I've then substituded x=3 into it to get 0/9 :| something seem wrong there. Could you help again please, point me to how the differentiation went wrong if its that or something that ive missed.
Once with the gradient use y-y1=m(x-x1) to get the equation (i think thats the right formula..something like that)

[Dimez]

dy/dx should be [1/3(e^(x/3) - e^(x/3)]x^2.

[Daven]

How so? if quotient rule is dy/dx = (v*du/dx - u*dv/dx) / v^2 then i dont see how you got to that

and 1/3e^x/3 - e^x/3 makes a negative, which is then made bigger by the x^2, and it didnt seem to fit with the way the book went silly maths

[Malik]

Originally Posted by Daven

How so? if quotient rule is dy/dx = (v*du/dx - u*dv/dx) / v^2 then i dont see how you got to that

and 1/3e^x/3 - e^x/3 makes a negative, which is then made bigger by the x^2, and it didnt seem to fit with the way the book went silly maths

I get

y=e^x/3/x
y=e^x/3x^-1

dy/dx= -e^x/3x^-2+ x^-1(1/3)e^x/3
e^x/3(-x^-2+x^-1/3)
e^x/3(1/3x-1/x²)

[Daven]

then you'd sub x=3 in to get the gradient? which from your equation comes out to be around 2.4 from (e^1 * (1-1/9))

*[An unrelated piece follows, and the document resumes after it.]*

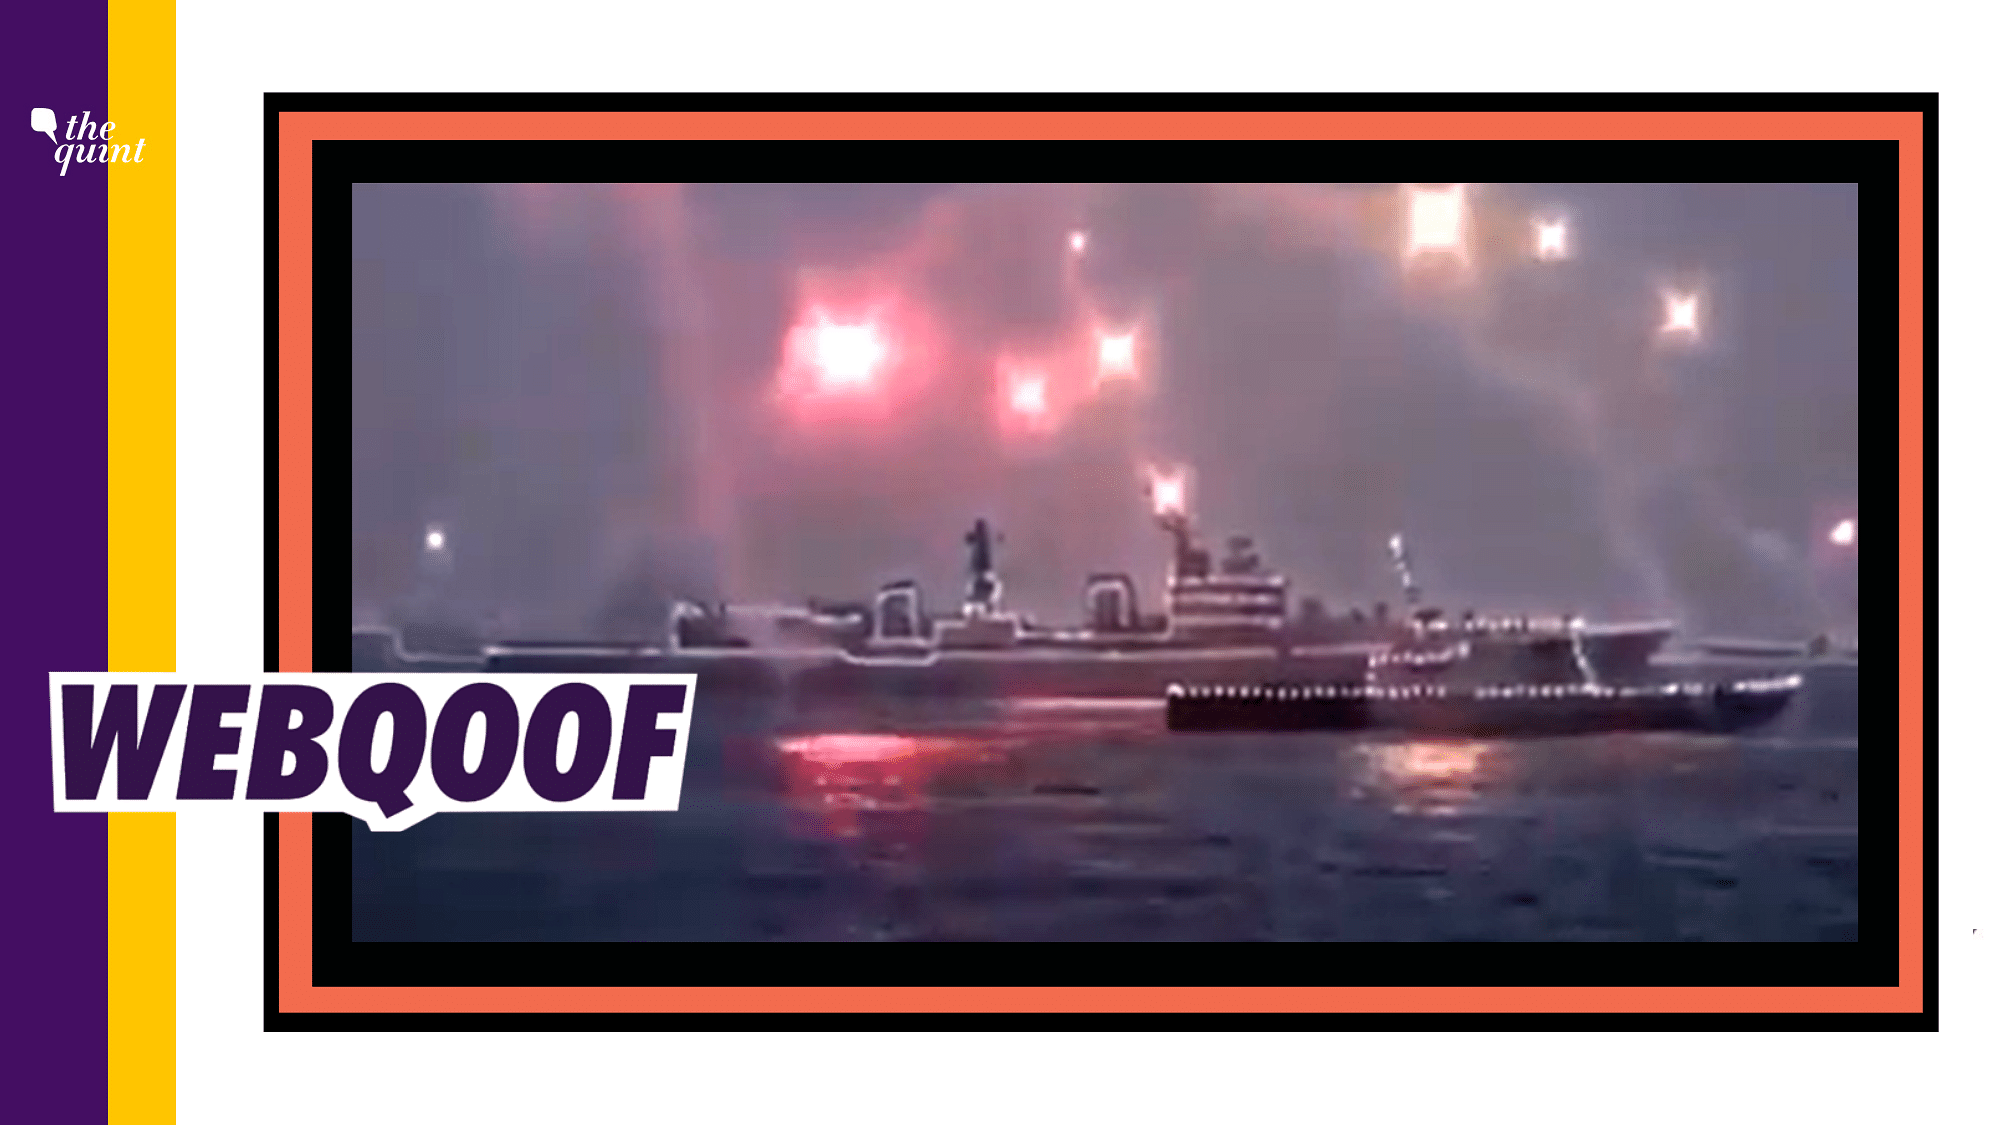 Fact-Check on India Navy Diwali Celebrations: The Illuminated warships and fireworks were part of the International Fleet Review that took place in 2016.

then us y-1/3e = 2.4(x-3) which gives an equation of y = 2.4x-6.28 book says y=1/3x...this isnt going well

[Dimez]

Originally Posted by Daven

How so? if quotient rule is dy/dx = (v*du/dx - u*dv/dx) / v^2 then i dont see how you got to that

and 1/3e^x/3 - e^x/3 makes a negative, which is then made bigger by the x^2, and it didnt seem to fit with the way the book went silly maths

Oh sorry, that was a mistake on my part. I forgot to mutiply by the denominator.

[Daven]

Its not a problem, i dont mean to be annoying, but to me it seems like i've done everything right, but just cant get the answer, so will pick things apart and question them and as of yet i stil havent got it perfectly right

[Dimez]

dy/dx= [e^(x/3) ( x/3 - 1)]x^2

sub in x=3 to calculate the gradient===> gradient is 0 because e(1-1)= 0

y - e/3=0(x - 3)

y= e/3 which dosen't seem to correspond with the given answer.

[Daven]

given answer is y=1/3e So by the looks of that you've done it....so there is no gradient..and y is a straight line, therefore the fact that you get dy/dx = 0 just means its right and you have to carry on. Nicely done

[Malik]

Originally Posted by Daven

then you'd sub x=3 in to get the gradient? which from your equation comes out to be around 2.4 from (e^1 * (1-1/9))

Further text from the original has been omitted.